____ Data shown
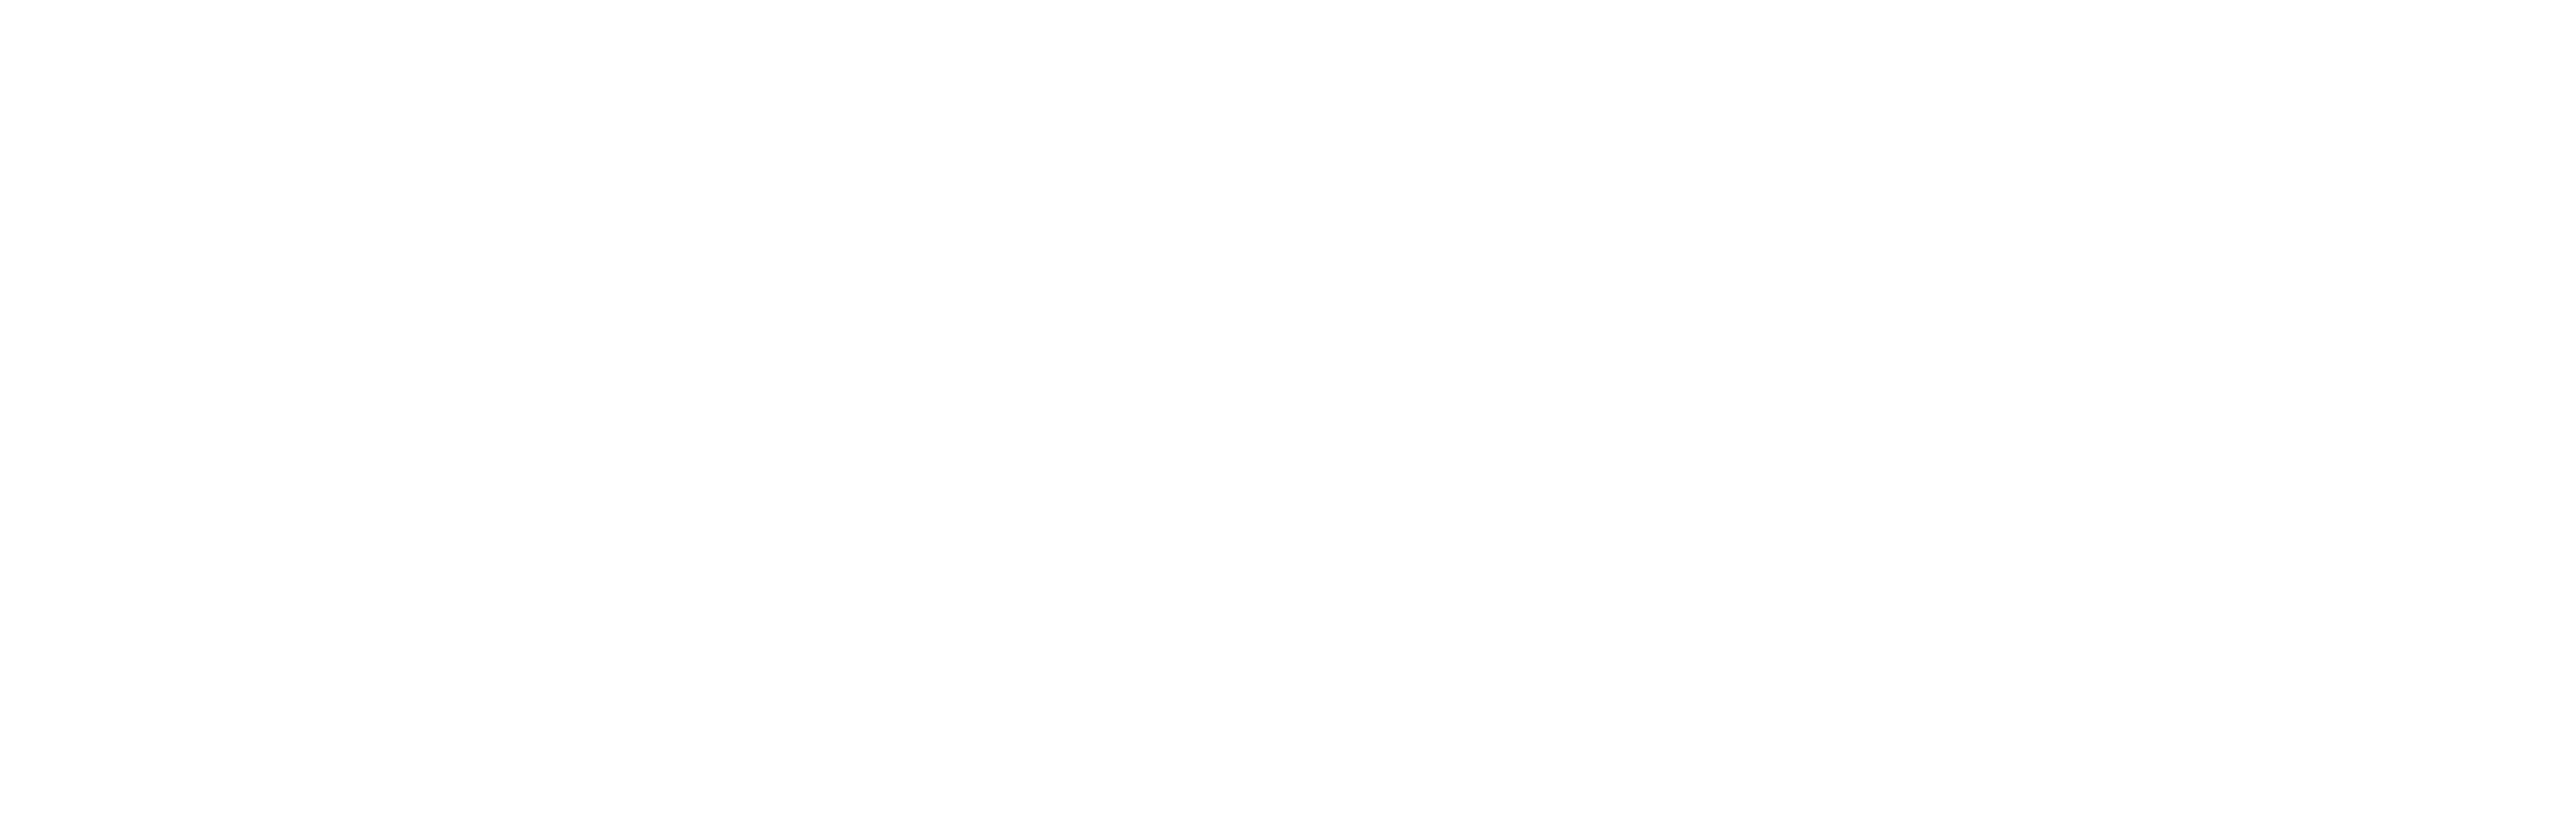 The logo for The Courtyards at Linden Pointe in Winnipeg, Manitoba
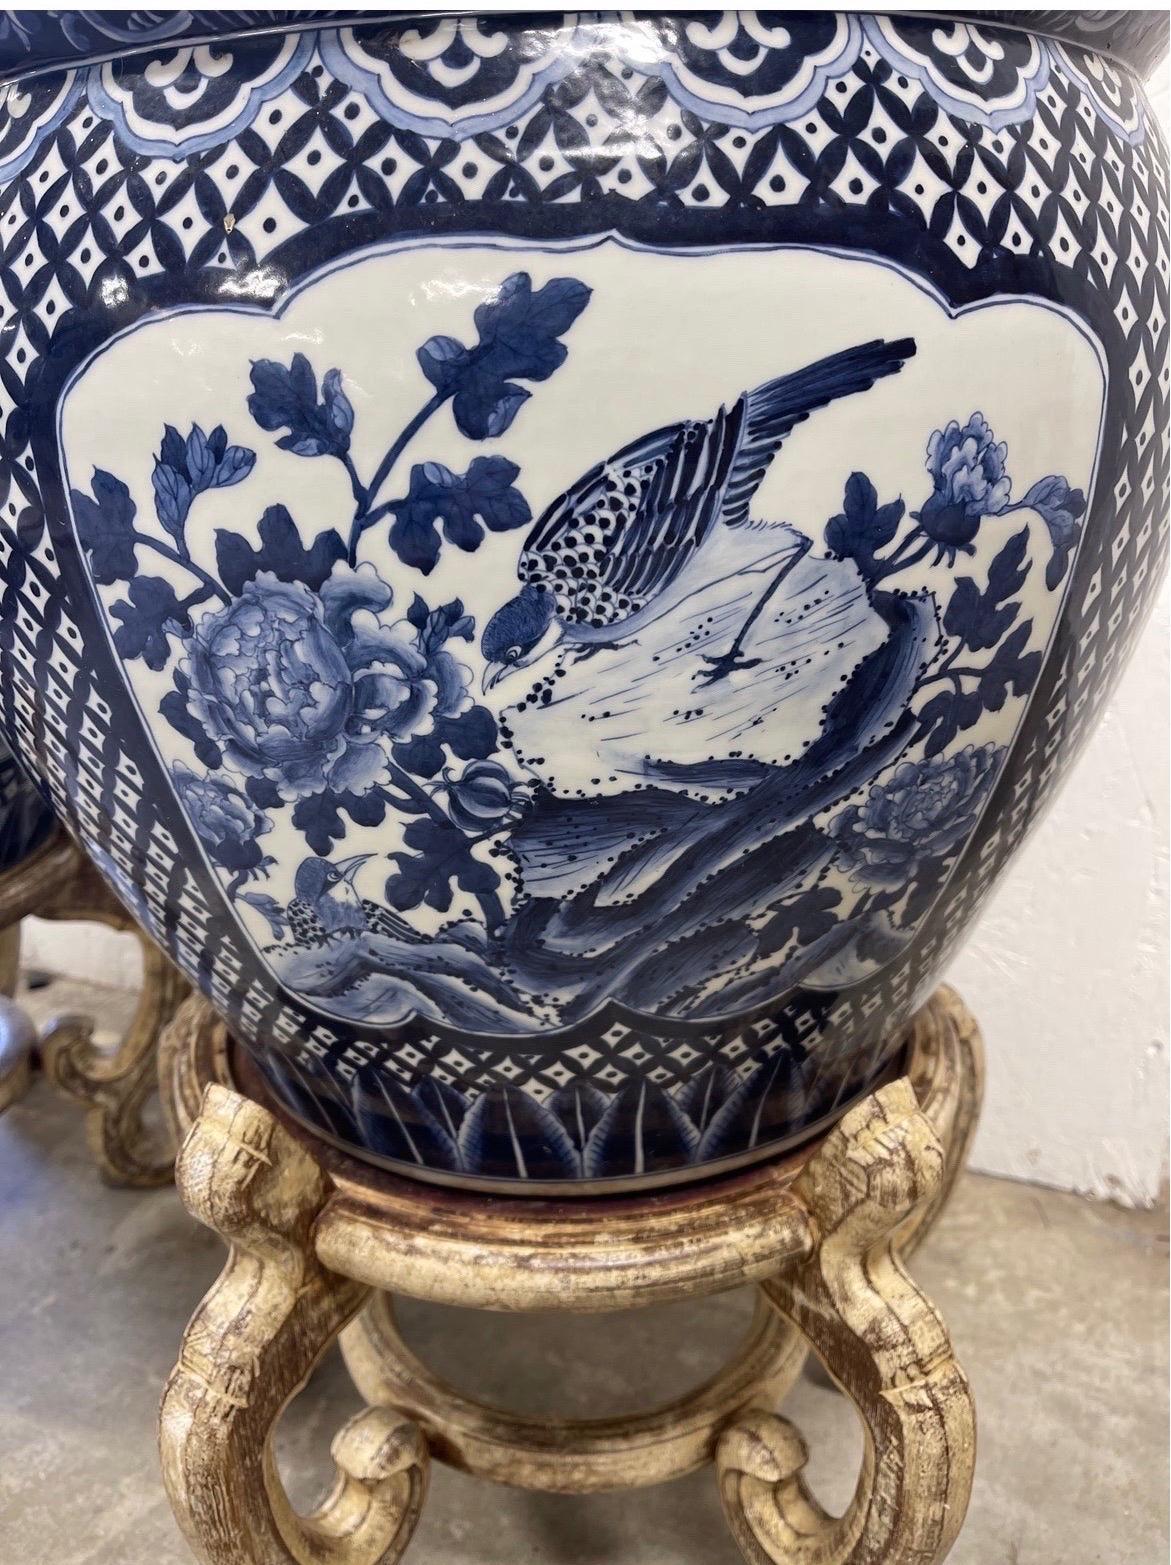 Pair of quality chinese export style blue and white jardineres on distressed wood stands. Decorated with foliate and bird windows to each.
Measures: Planters 13” H x 16” W
Stands 10” H x 11” W.
________
What you need to do: Print out the material word for word, omitting the pictures.

Response below:
 The logo for The Courtyards at Linden Pointe in Winnipeg, Manitoba
 Pair of quality chinese export style blue and white jardineres on distressed wood stands. Decorated with foliate and bird windows to each.
Measures: Planters 13” H x 16” W
Stands 10” H x 11” W.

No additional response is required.